Types of antidepressants

There are several different types of antidepressants, all of which work differently and have different risks and side effects.


Selective serotonin reuptake inhibitors (SSRIs)

SSRIs are the most widely prescribed type of antidepressants. SSRIs work by preventing serotonin from being reabsorbed from the neuron (brain cell) which originally released it. This encourages the serotonin to continue binding to the receiving neuron, meaning the neuron continues to transmit signals to reduce feelings of depression and anxiety. SSRIs are usually preferred over other antidepressants, as they cause fewer side effects. Fluoxetine (also known as Prozac) is the best known SSRI. Other SSRIs include citalopram (Cipramil), escitalopram (Cipralex), paroxetine (Seroxat) and sertraline (Lustral).


Serotonin-noradrenaline reuptake inhibitors (SNRIs)

SNRIs work in a similar way to SSRIs but they work on noradrenaline as well as serotonin. Examples of SNRIs include duloxetine (Cymbalta and Yentreve) and venlafaxine (Efexor).

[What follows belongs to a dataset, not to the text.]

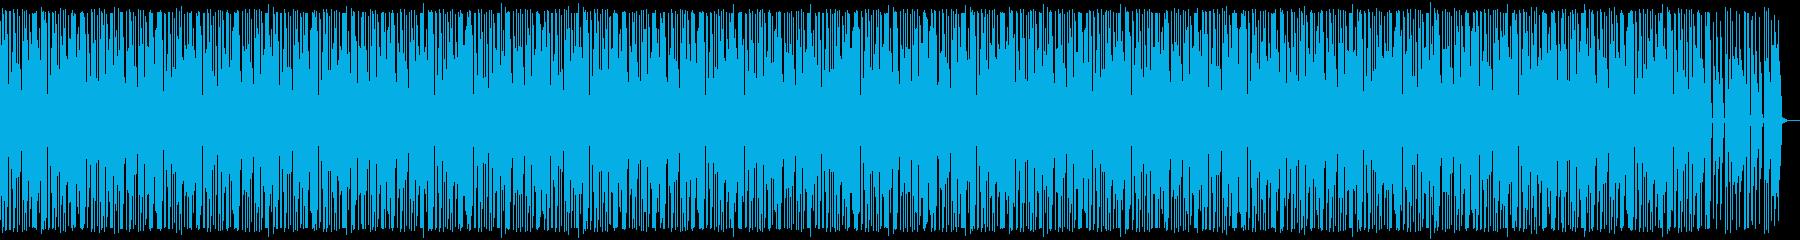 Ennui Marimba Melancholy Norinori's reproduced waveform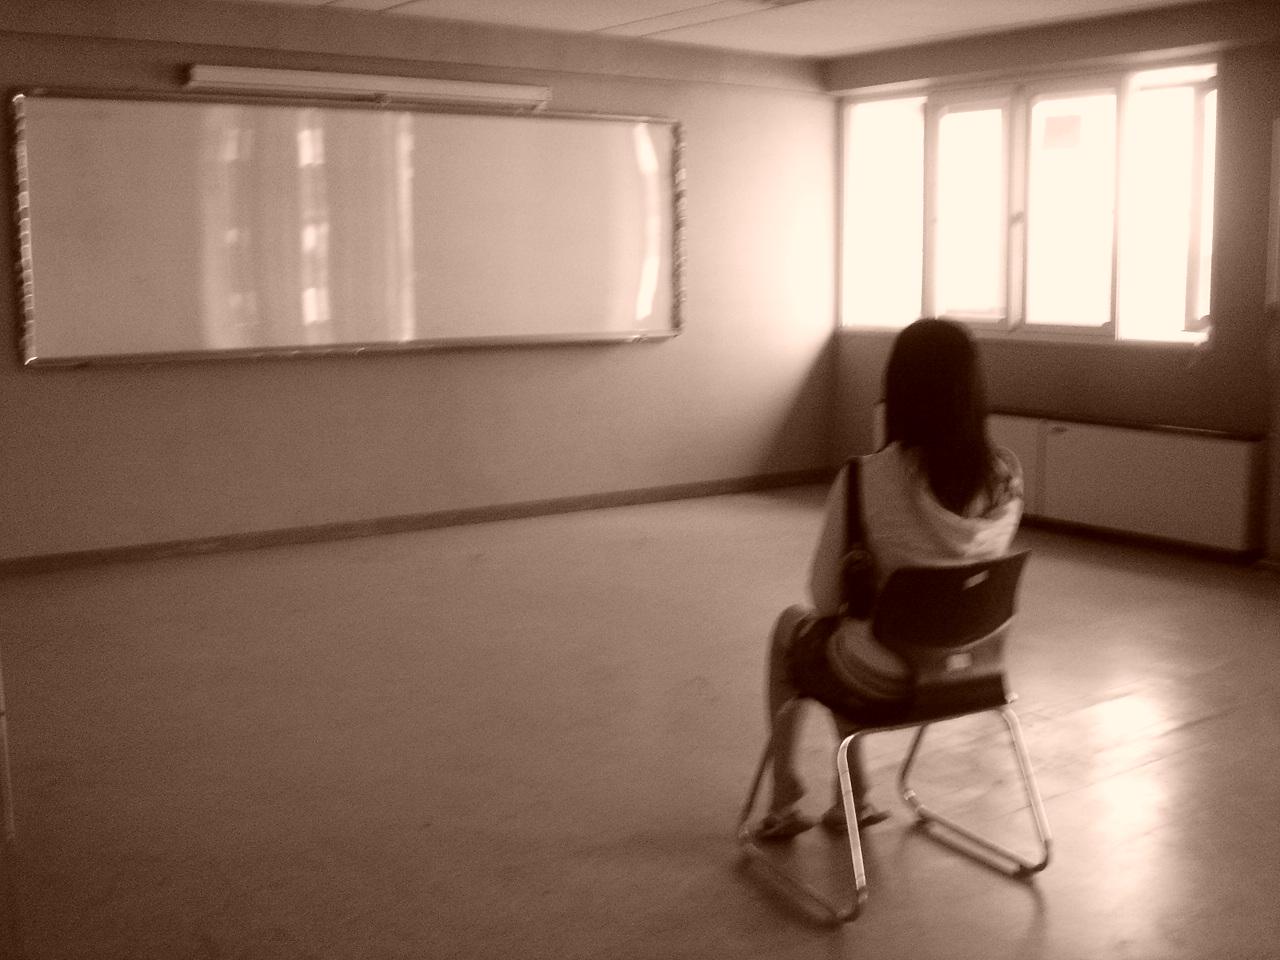 empty classroom with teacher - photo #33

Noradrenaline and specific serotonergic antidepressants (NaSSAs)

NASSAs may be effective for some people who are unable to take SSRIs. NaSSAs work by increasing the amount of noradrenaline and serotonin in the synapse and by also binding to serotonin receptors. The main NASSA prescribed in the UK is mirtazapine (Zispin).


Serotonin antagonists and reuptake inhibitors (SARIs)

SARIs are not usually the first choice of antidepressant, but they may be prescribed as an alternative to other antidepressants. SARIs work in a similar manner to SSRIs with the additional benefit of also redirecting serotonin to the specific parts of the brain which regulate mood. The main SARI prescribed in the UK is trazodone (Molipaxin).


Monoamine oxidase inhibitors (MAOIs)

MAOIs are rarely used nowadays a they can cause potentially serious side effects and risk interacting with other medications and certain foods. MAOIs target the monoamine oxidase enzyme in the brain which breaks down neurotransmitters including serotonin. This can lead to stabilised moods and less anxiety. Examples of MAOIs include tranylcypromine, phenelzine and isocarboxazid.